Scaling the Scrum Product Backlog
In its simplest, purist form, Scrum calls for the Product Owner to write User Stories, refine them with the various stakeholders, and present them to the team for grooming and estimating. However, in order to scale, this is often impractical, and the work of creating and refining the Product Backlog must be shared. This is further complicated when there are multiple teams working on multiple subsystems, and often multiple backlogs. Another challenge is added in regulated industries where various agencies may require highly detailed requirements and specifications be met and demonstrated with a Requirements Traceability Matrix or other auditable documentation.
One solution I have found to be very useful is to define a workflow for story development and create custom states for each handoff in the process. A Kanban board can be very useful to visually present the stories in each state.

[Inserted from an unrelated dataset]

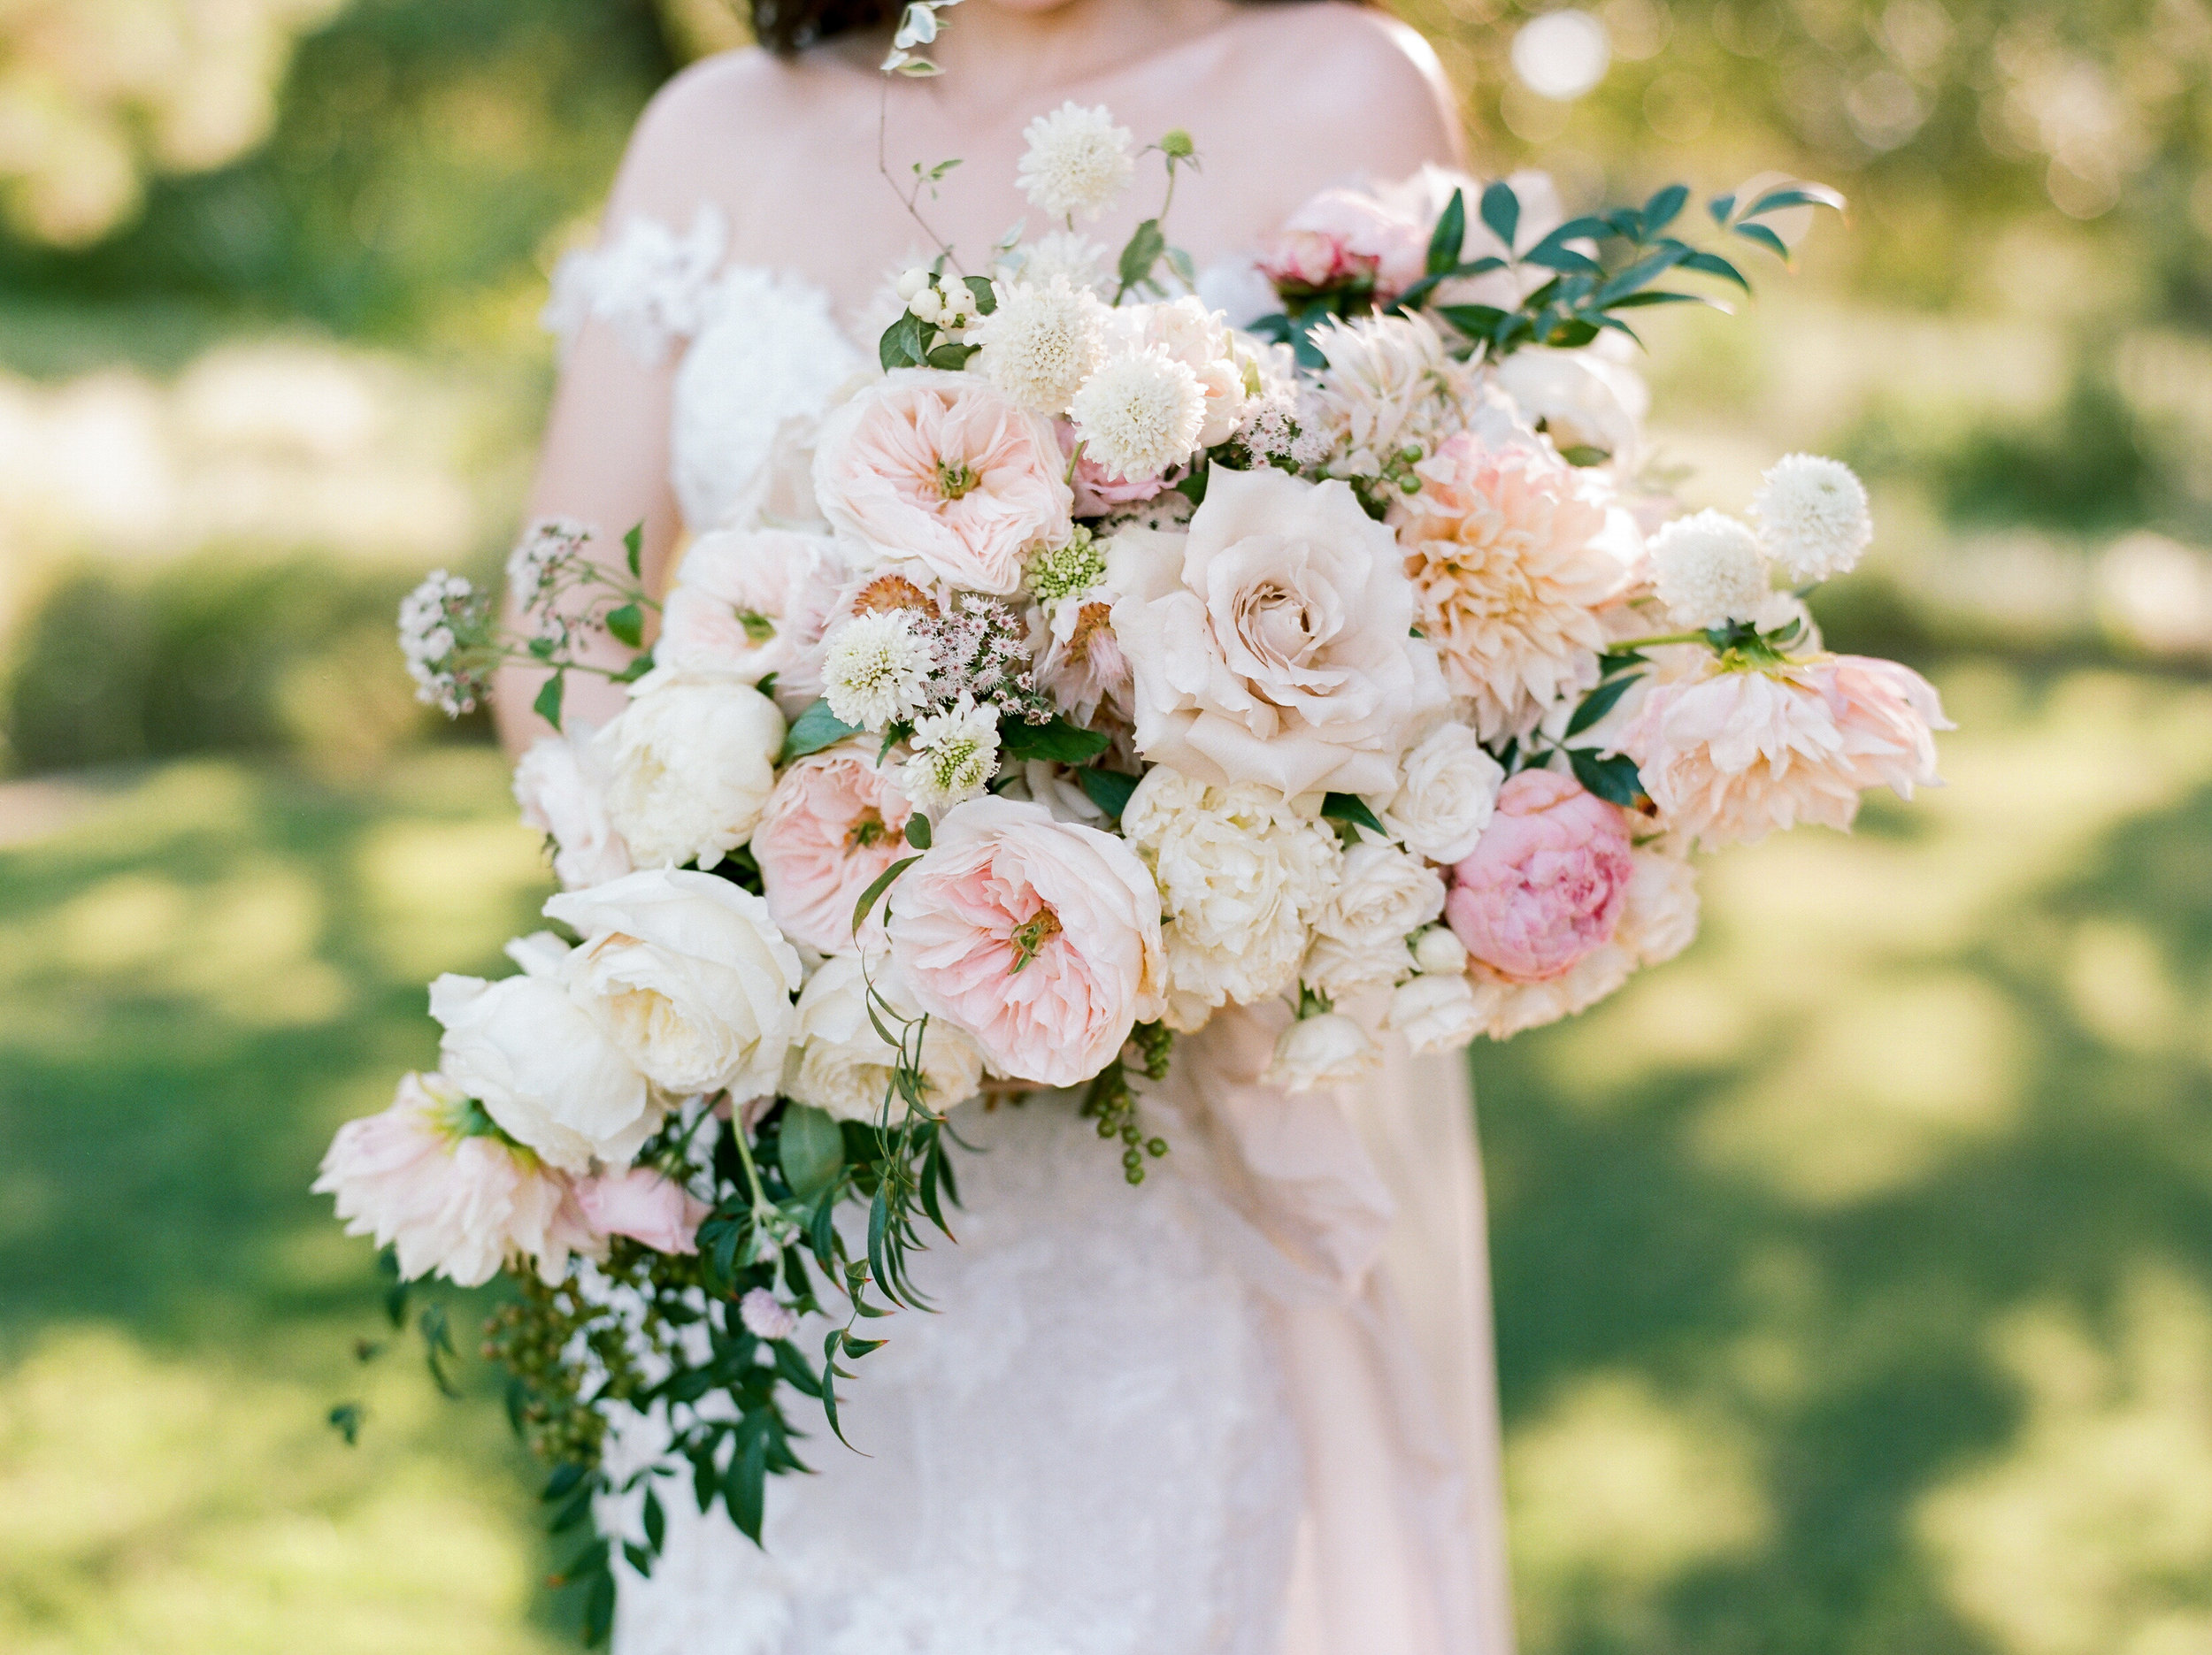 Martha-Stewart-Wedding-Dana-Fernandez-Photography-Josh-Texas-Film-Houston-Wedding-Fine-Art-Photographer-McGovern-Centennial-Gardens-Top-Best-178.jpg

For example, the Product Owner writes a few epic stories outlining the functionality they want to see for a particular feature. After refinement with the appropriate stakeholders, these may be passed to a Requirements Analyst to insert the “Thou shalt/Thou shalt not” regulatory or other acceptance criteria. These epics may then be passed to an Architecture or High-Level Design team to broadly define design parameters or add technical requirements for integration with other systems. They may also break it down into smaller story groups for assignment to specific teams. At this point, the stories should be ready for presentation and grooming by the teams, giving them the context and “big picture,” and made ready for estimation. Simple status labels such as “In Process” are rarely sufficient for such a workflow, with multiple resources iterating through layers of refinement needing to be tracked in order to maintain the flow of the Backlog “pipeline.” The screenshot below depicts one process flow for doing this.

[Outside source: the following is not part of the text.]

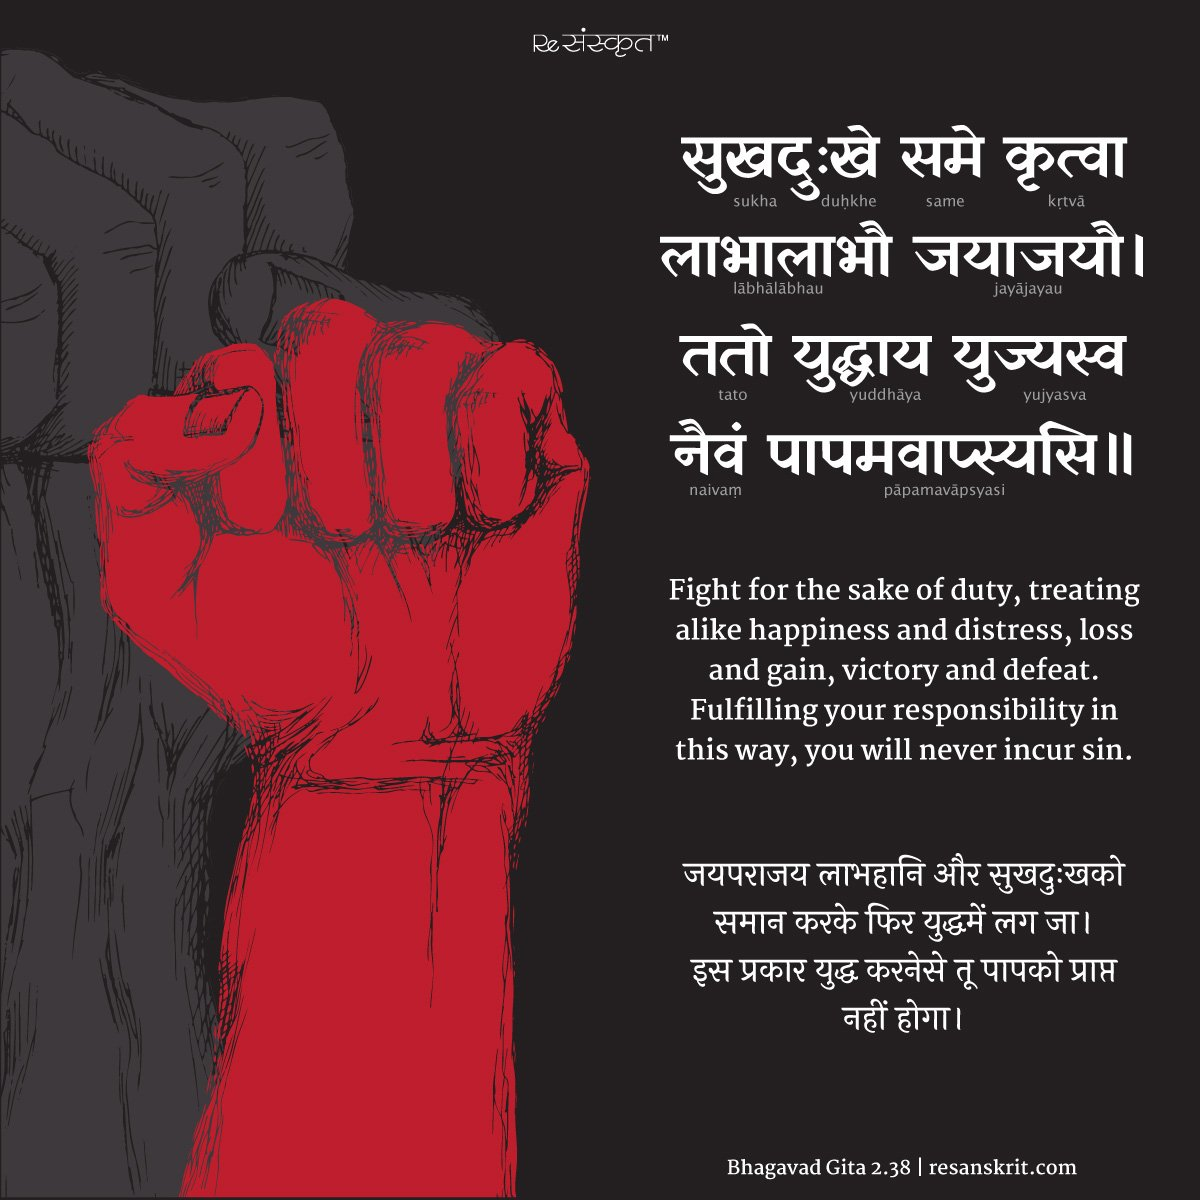 This shlok from Bhagavad Gita shows us a simple and effective way of fighting any battle.  #sanskrit #india #BhagavadGita #Gita #quotes #quotestoliveby #meditation #krishna #gita #sayings #teachings<br>http://pic.twitter.com/ECMQvgjqHo

Below offers another view as a filterable list, showing the hierarchy of features, parent, and child stories, and their current status, estimates, etc. giving a more comprehensive view.

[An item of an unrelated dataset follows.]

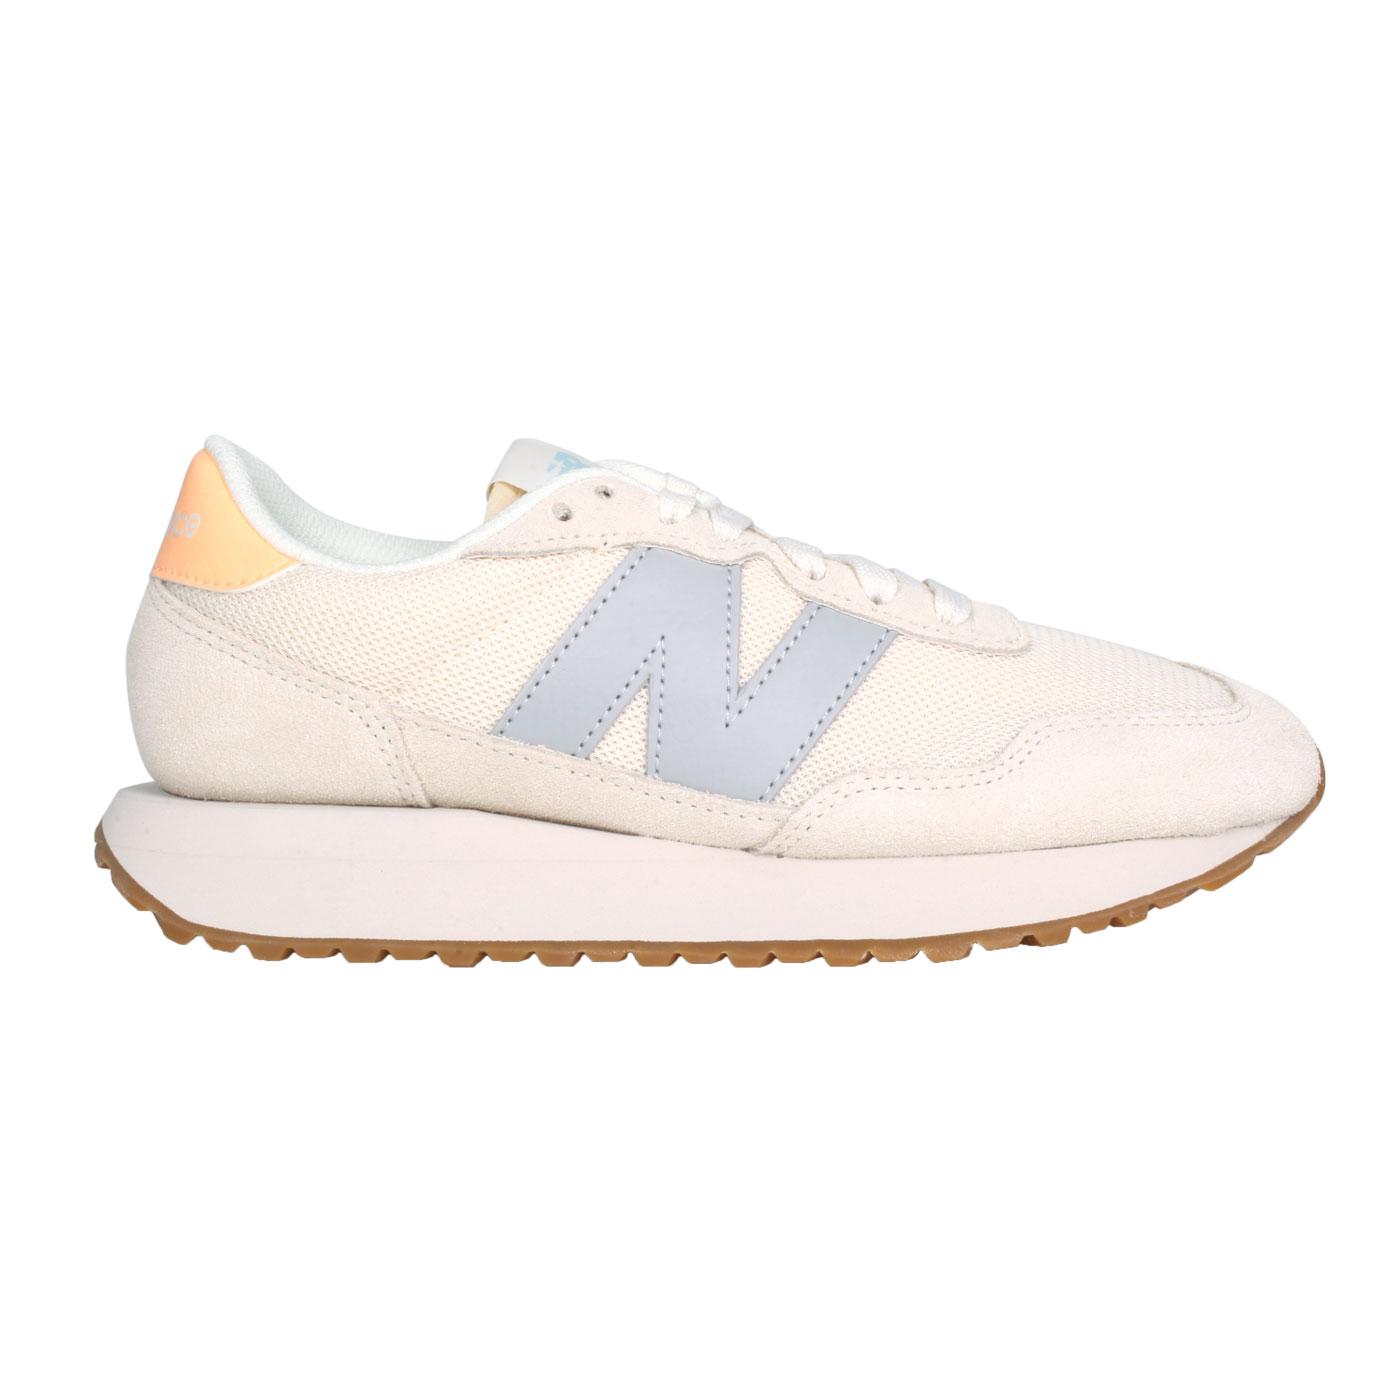 NEW BALANCE 女款休閒運動鞋 WS237HN1

This may seem like the antithesis of the “less is more” philosophy that many believe is the essence of Agile. However, the key to success in my experience, is a disciplined process to work through each story articulation level. Time-boxed meetings where only stories and scope that are ready for that phase are on the agenda. It’s a pull system, and it exposes bottlenecks in your pipeline quickly, rather than having such broad status labels that delays go unrecognized for too long. There’s nothing agile about grooming and estimating sessions that churn around and around because of inadequate story development. It all begins with the backlog.